A situação se mostra ainda mais preocupante diante dos dados da pesquisa TIC Kids Online Brasil 2024 que revelam que 29% dos jovens já relataram ter enfrentado situações ofensivas online, enquanto 42% presenciaram situações de discriminação digital.
Viscardi analisa que “embora quem ataque sinta-se mais protegido, principalmente pelo anonimato e a distância, para quem recebe a ofensa, a vivência é bem real e intensificada, uma vez que, normalmente, é feita de forma pública, diante do seu grupo social”. A psicóloga destaca que, especialmente quando é anônimo, há um medo constante de um novo ataque. “Esses ataques ferem a autoimagem, levando a sentimentos de inadequação e inferioridade, e podem causar efeitos muito nocivos para quem está iniciando no cenário social e coletivo de forma mais autônoma.”
Distorção de imagem
Em agosto do ano passado, a Meta anunciou a retirada dos filtros para Stories criados por terceiros. No entanto, ainda há alguns perfis que conseguem utilizá-los, e especialistas alertam para o impacto da ferramenta entre os jovens, sobretudo, os filtros de embelezamento que manipulam ou alteram a aparência do usuário, garantindo uma imagem com pele mais lisa, cílios longos e rostos mais finos.

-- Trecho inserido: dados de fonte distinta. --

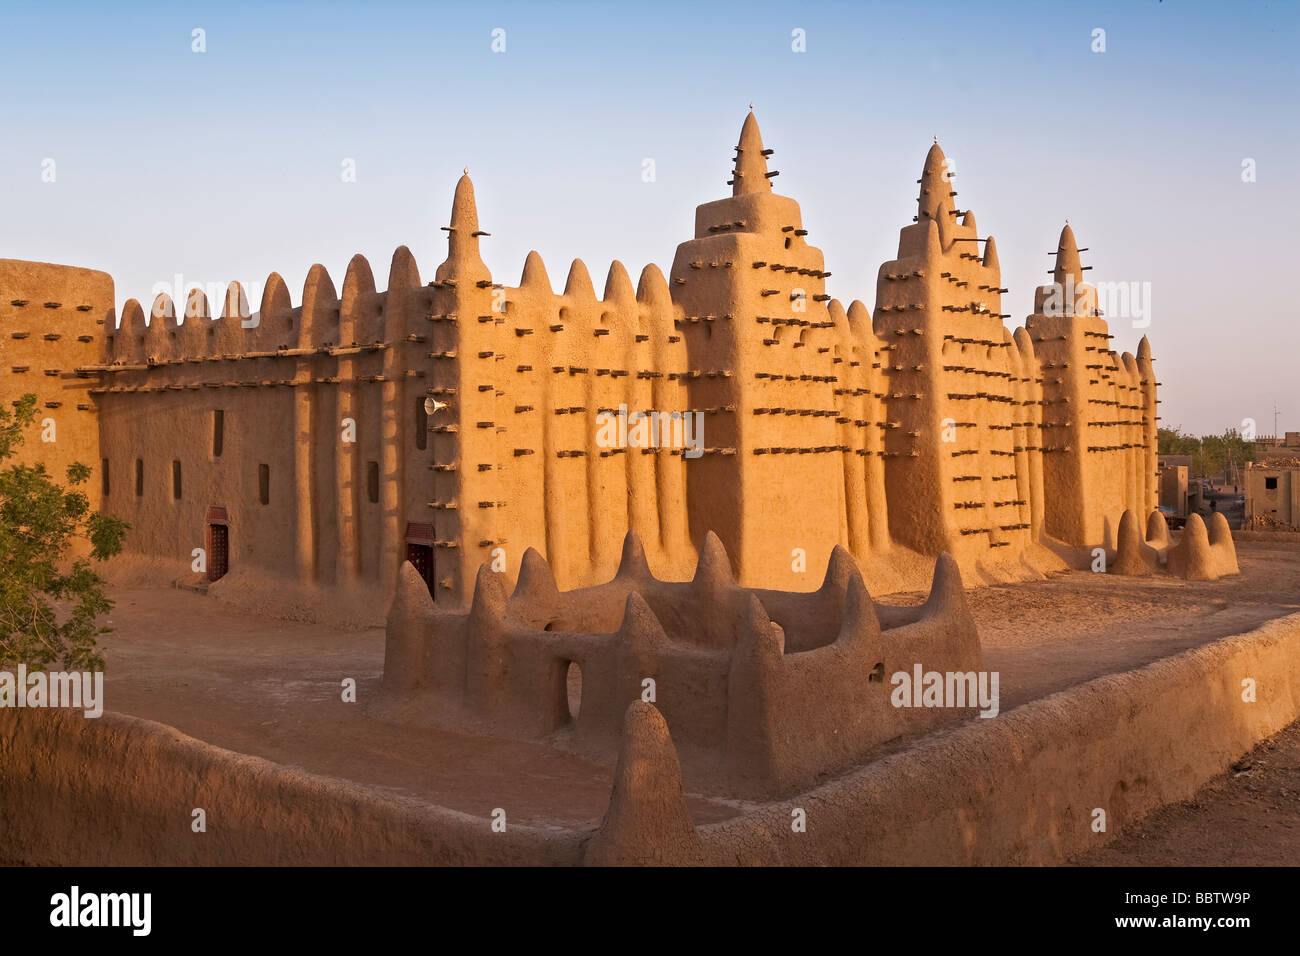 La Gran Mezquita de Djenne, Mopti, Djenne, región delta de Níger, Malí, África occidental Imagen De Stock

O aplicativo TikTok anunciou a proibição de uso desses filtros para menores de 13 anos. Segundo a plataforma, a restrição tem como objetivo preservar a saúde mental desse público.

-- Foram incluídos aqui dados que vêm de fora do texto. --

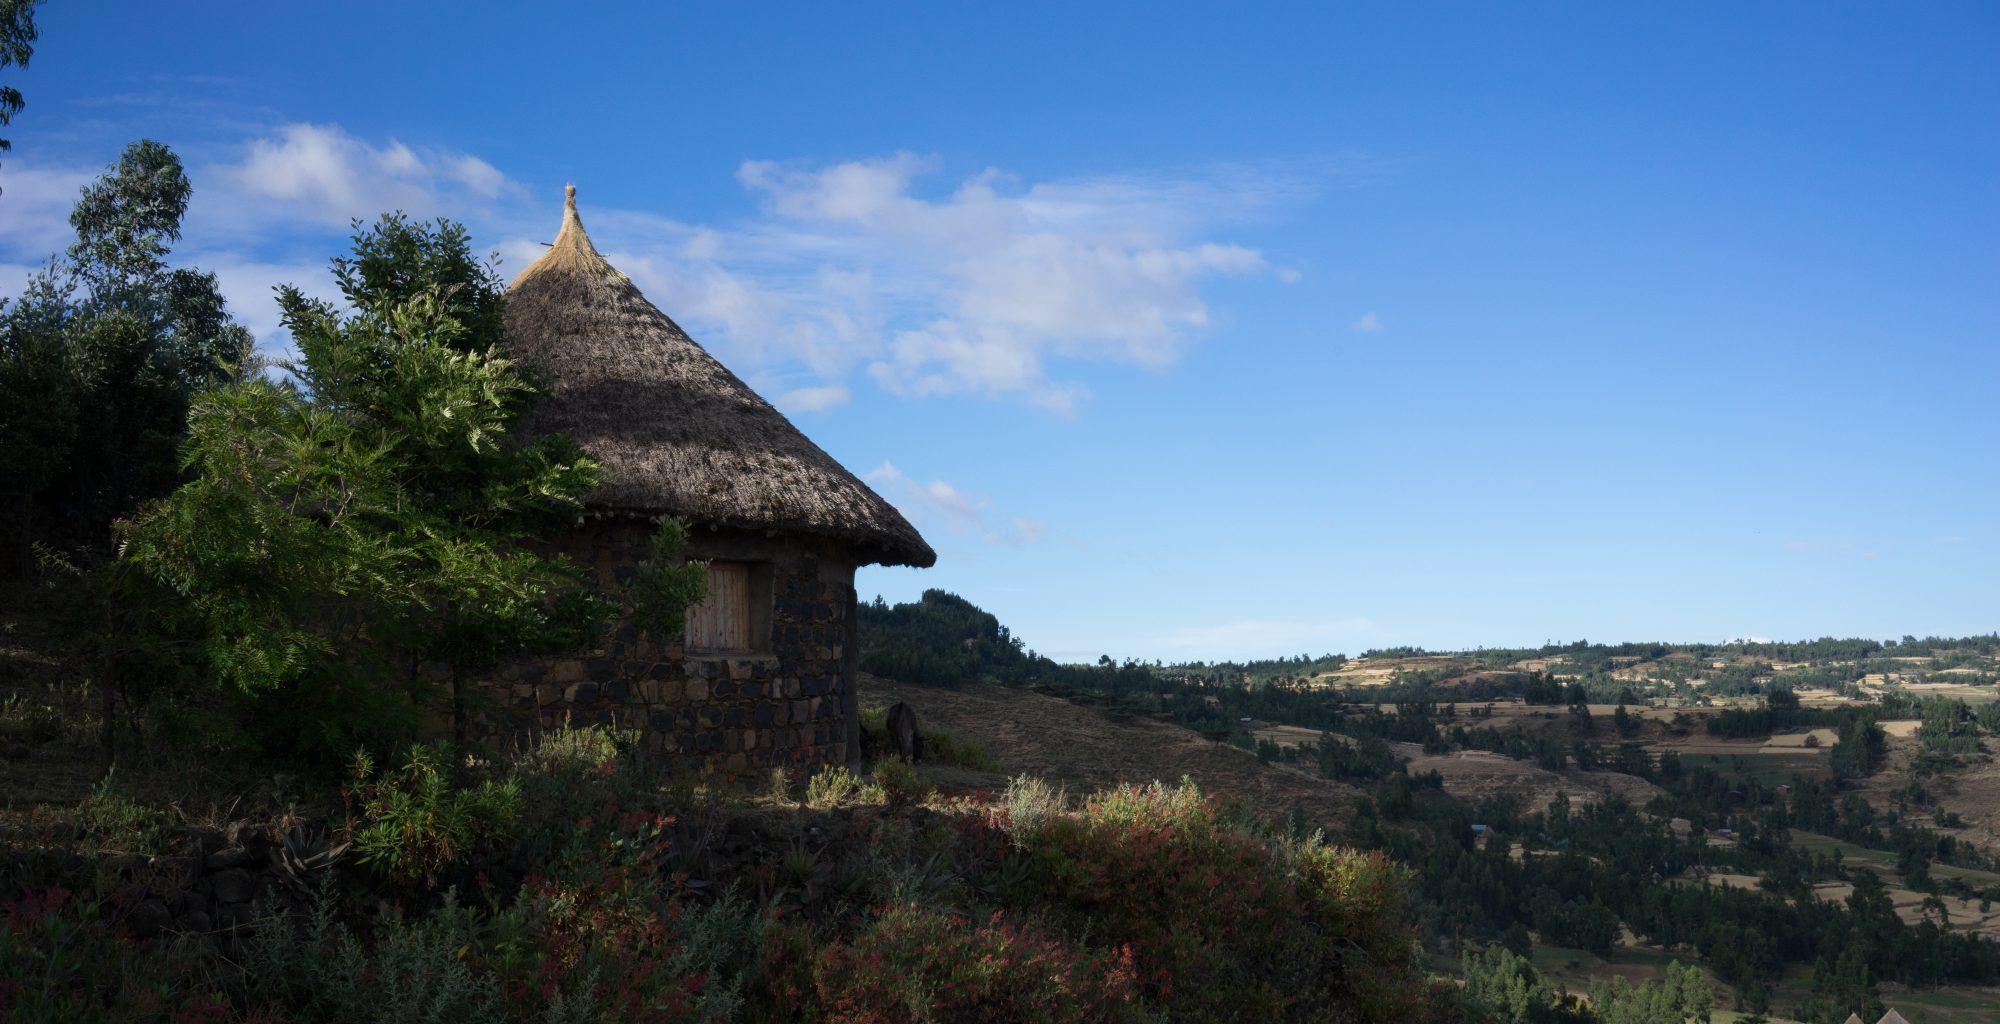 Ethiopia-Tukul-Village-Exterior

Um relatório feito pela Internet Matters constatou que “os filtros de embelezamento contribuíram para uma visão de mundo distorcida, na qual imagens perfeitas são normalizadas”.
“Espera-se que melhore a insatisfação com o corpo real, que não pode atingir os patamares inalcançáveis que os filtros proporcionam, e isto traga mais confiança e autenticidade. Isto é particularmente importante para adolescentes e jovens que buscam, de forma prioritária, a aceitação social”, avalia Viscardi.
Entretanto, a psicóloga ainda alerta: “mais adequado seria menores de 13 anos não usarem tal plataforma, que não é um ambiente seguro para crianças. Ela divulga conteúdo impróprio, desafios perigosos, sexualização precoce, violência, riscos à privacidade e acesso de predadores. Também tem um algoritmo mais viciante e pode causar sérios impactos à saúde mental e física”.
Qual é a idade correta para usar as redes sociais?
A resposta para a pergunta não é única, pois depende da maturidade emocional e do senso crítico de cada um. De acordo com a psicóloga, o uso dessas plataformas só deve ser considerado após os 12 anos, com acompanhamento constante dos pais ou responsáveis. “A gente poderia traduzir esta pergunta para: com qual idade minha criança ou adolescente tem maturidade emocional e capacidade crítica para lidar com os efeitos negativos de ter um perfil nas redes sociais, como cyberbullying, comparações sociais, contatos com desconhecidos, ataque à privacidade, fake news, tentativas de contato maliciosas?”, completa Viscardi.